The Red Paladin had become a gym rat. The Blue Paladin was not surprised.

Also, Keith didn’t need more muscles, as Lance didn’t need that kind of heart attack. Even if watching those bicep strain was … nice.

“My boo is just too hot to trot for my banging bod,” Lance says proudly, flexing his own (not quite as big but still very impressive) biceps.

Keith stops lifting weights so he can face palm. Pidge stares up towards the heavens in supplication.

“That’s going in my notes as one of the top five worst things you’ve ever said.

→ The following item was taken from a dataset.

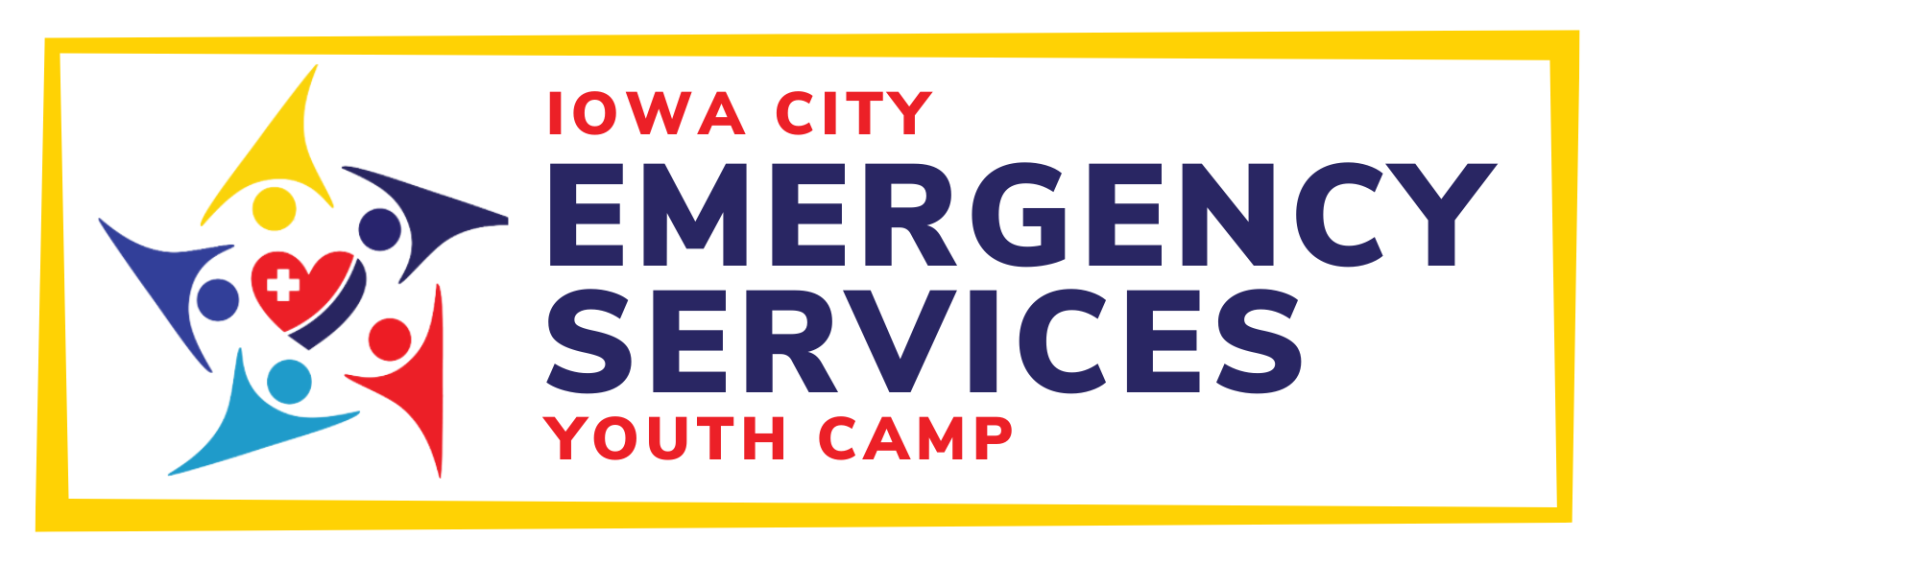 Emergency Services Youth Camp

Maybe top three.” Pidge actually takes out her computer to write it down.

Keith, with his face still buried in one hand, points with his other and says, “I don’t know if I can kiss that mouth at all today. That was horrifying.”

“Fifty two point seven percent, querido,” Lance cheerfully reminds him. “Ain’t nobody buying what you’re selling.”

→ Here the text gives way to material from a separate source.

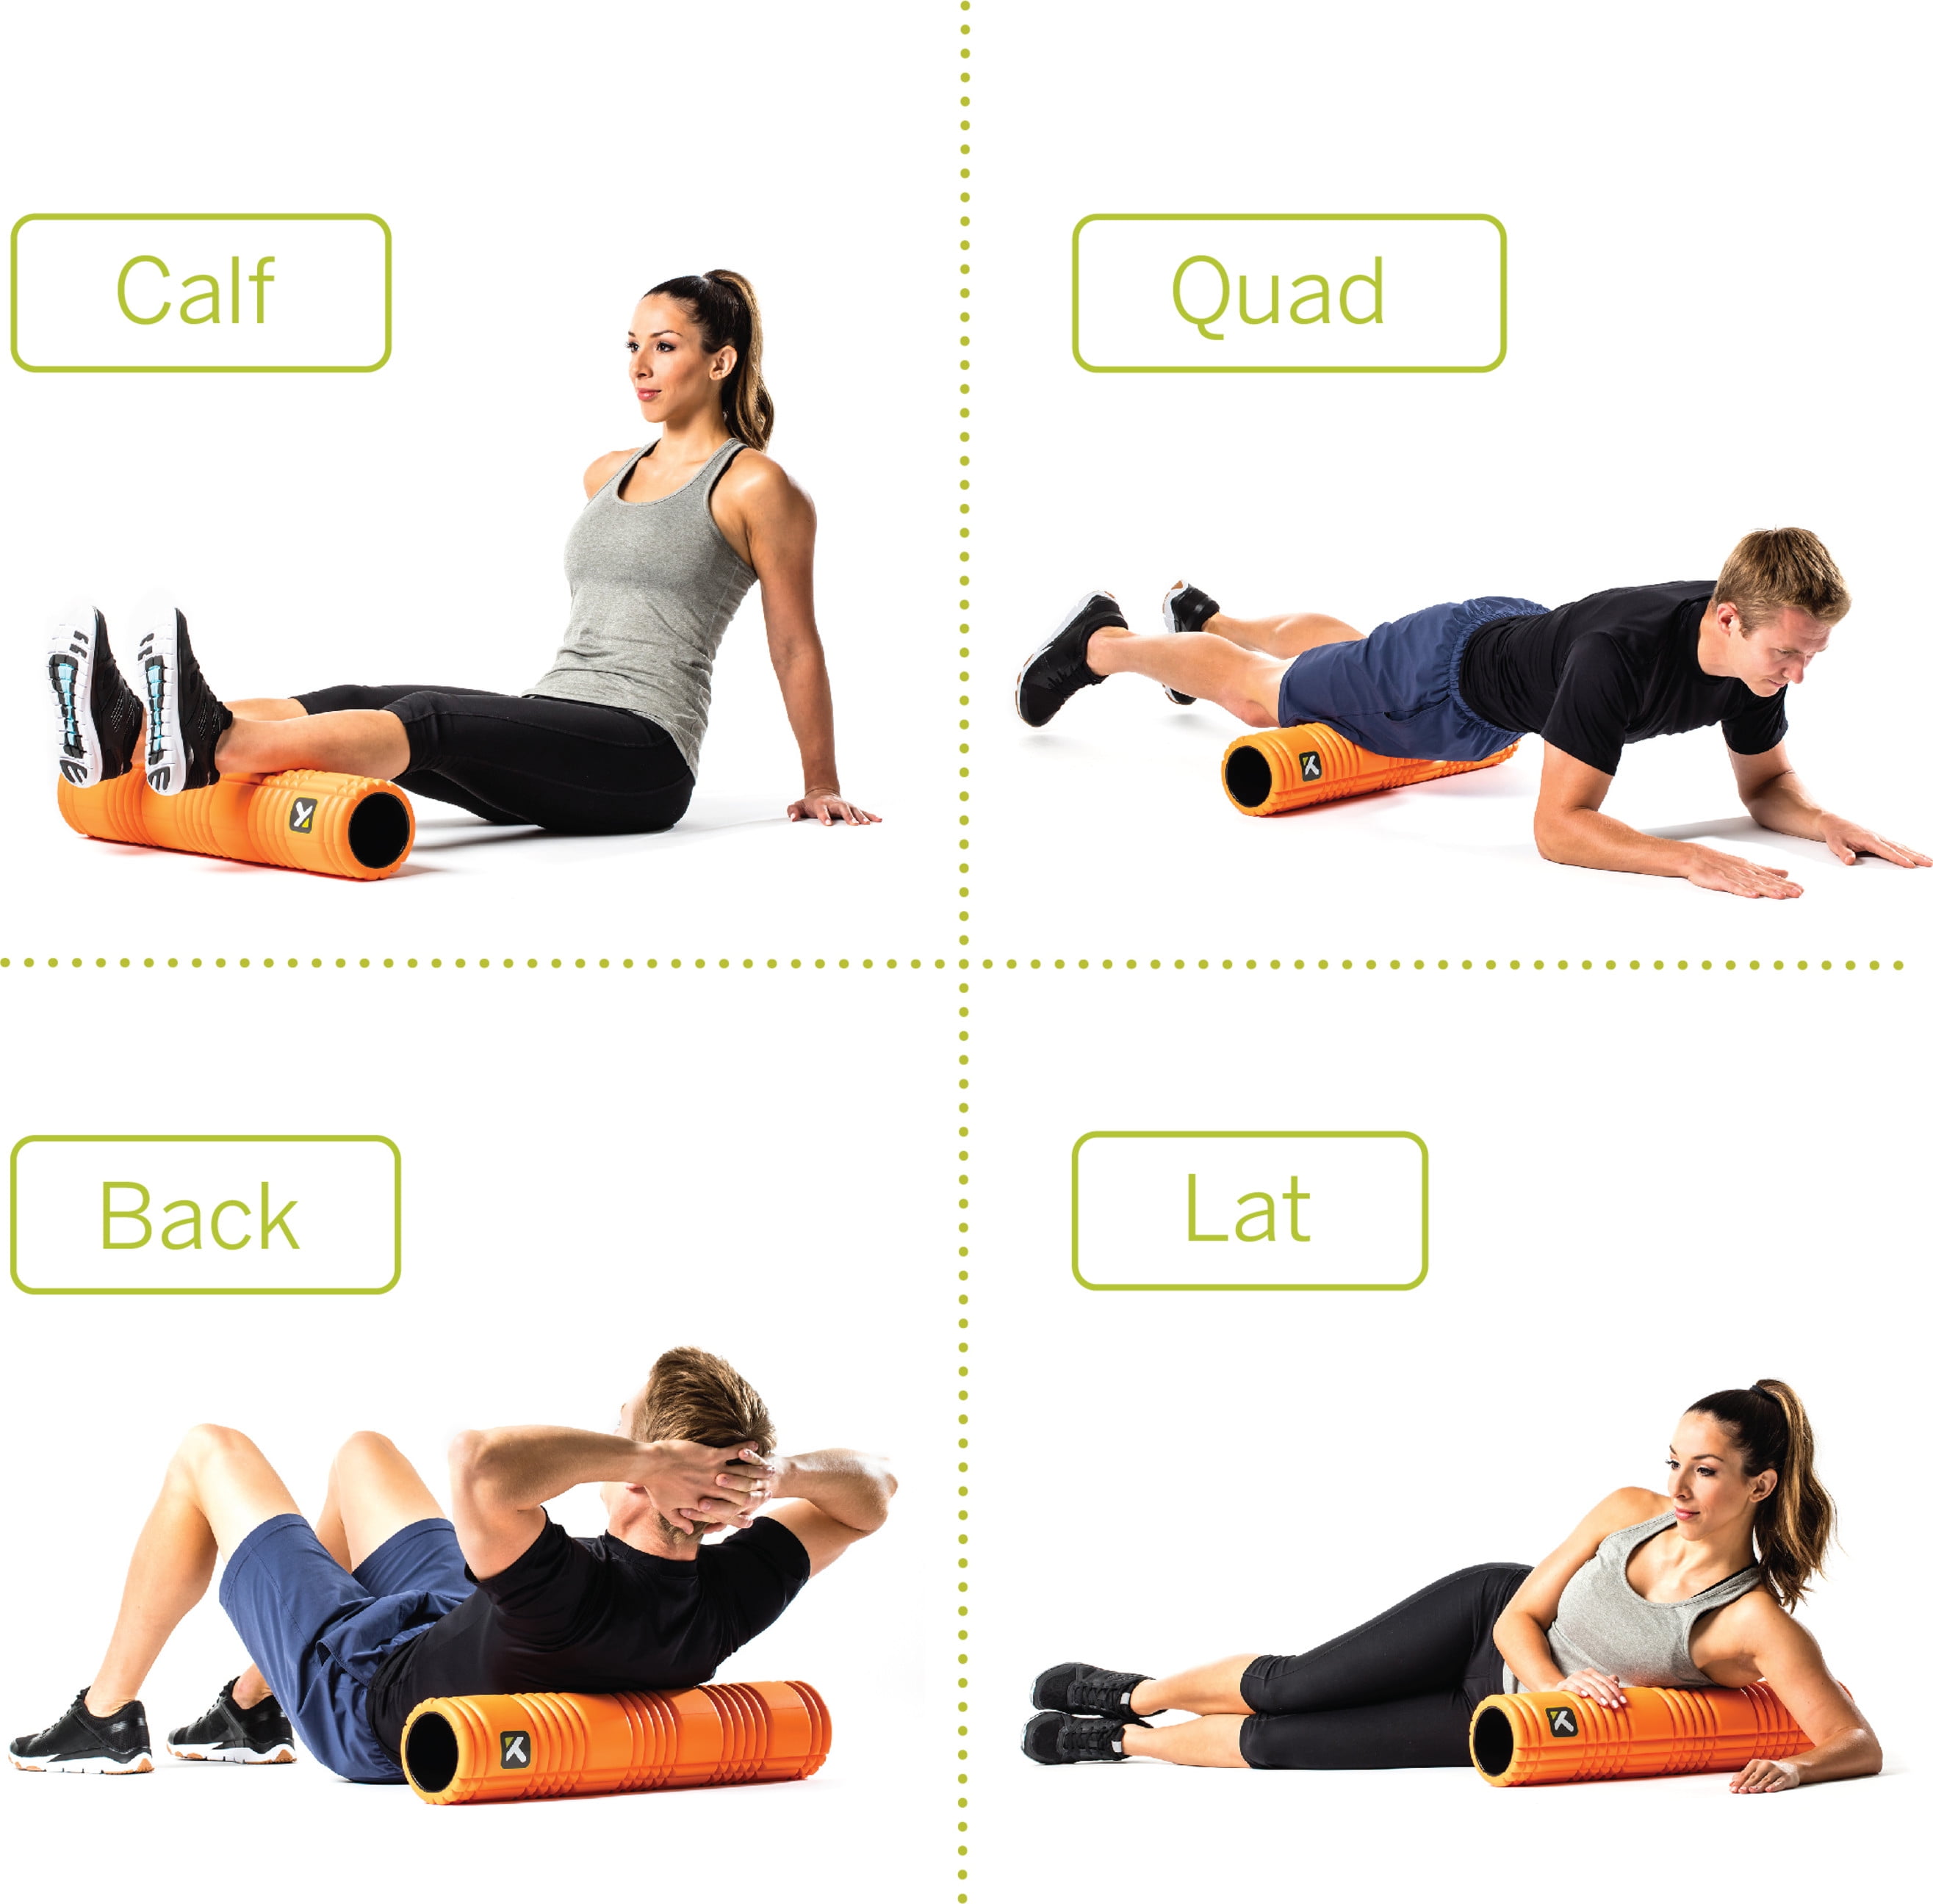 Delts Foam Roller Exercises! Say Goodbye to Back Pain – Pulseroll

Keith shoots Pidge a despairing glance. “I mean, was the pining that bad, really? Would it be so terrible to go back to that?”

Lance has taken a seat directly across from Keith, lifting a set of weights (they were barbells with rocks on either end — Coran had said something about how one could alter the density, thereby making them heavier/lighter, but Lance had immediately gotten distracted by challenging everyone to a weight lifting competition and somehow it ended with Hunk bench-pressing Lance and Pidge, and Shiro trying to throw Keith over their heads? Lance still doesn’t quite understand what happened there).

“I feel like the reason Keith is macking on me in public more is because he’s kinda into the fact that he can,” Lance explains, grunting a little as he tries to mimic Keith’s moves. “I mean, the pining was so real — he had been staring lingeringly at me from afar for so long, and now it’s like, free pass to grope all the time.” Lance winks at Keith, who is venturing to peek at him from between his fingers. “Because you do. Have a free pass. To grope. Put your hands any —”

“I know.” Keith lifts his weights with relative ease, a small smile pulling on his lips. “And yeah, Pidge. Maybe that’s part of it.”

“Part of it?” Lance asks, somewhat breathlessly as he switches arms since his right one was starting to ache from the effort. “Dude. All of it. Your thirstiness is not to be denied.”

Pidge rolls her eyes, jotting down a few more notes from her perch on the jungle gym (like, with actual vines for swinging and bouncy giant lily pads — Lance could not get over how cool Alteans were). “Believe it or not, I actually came to that conclusion on my own — Keith is now thirty six point four percent more affectionate with everyone, not just you, Lance.”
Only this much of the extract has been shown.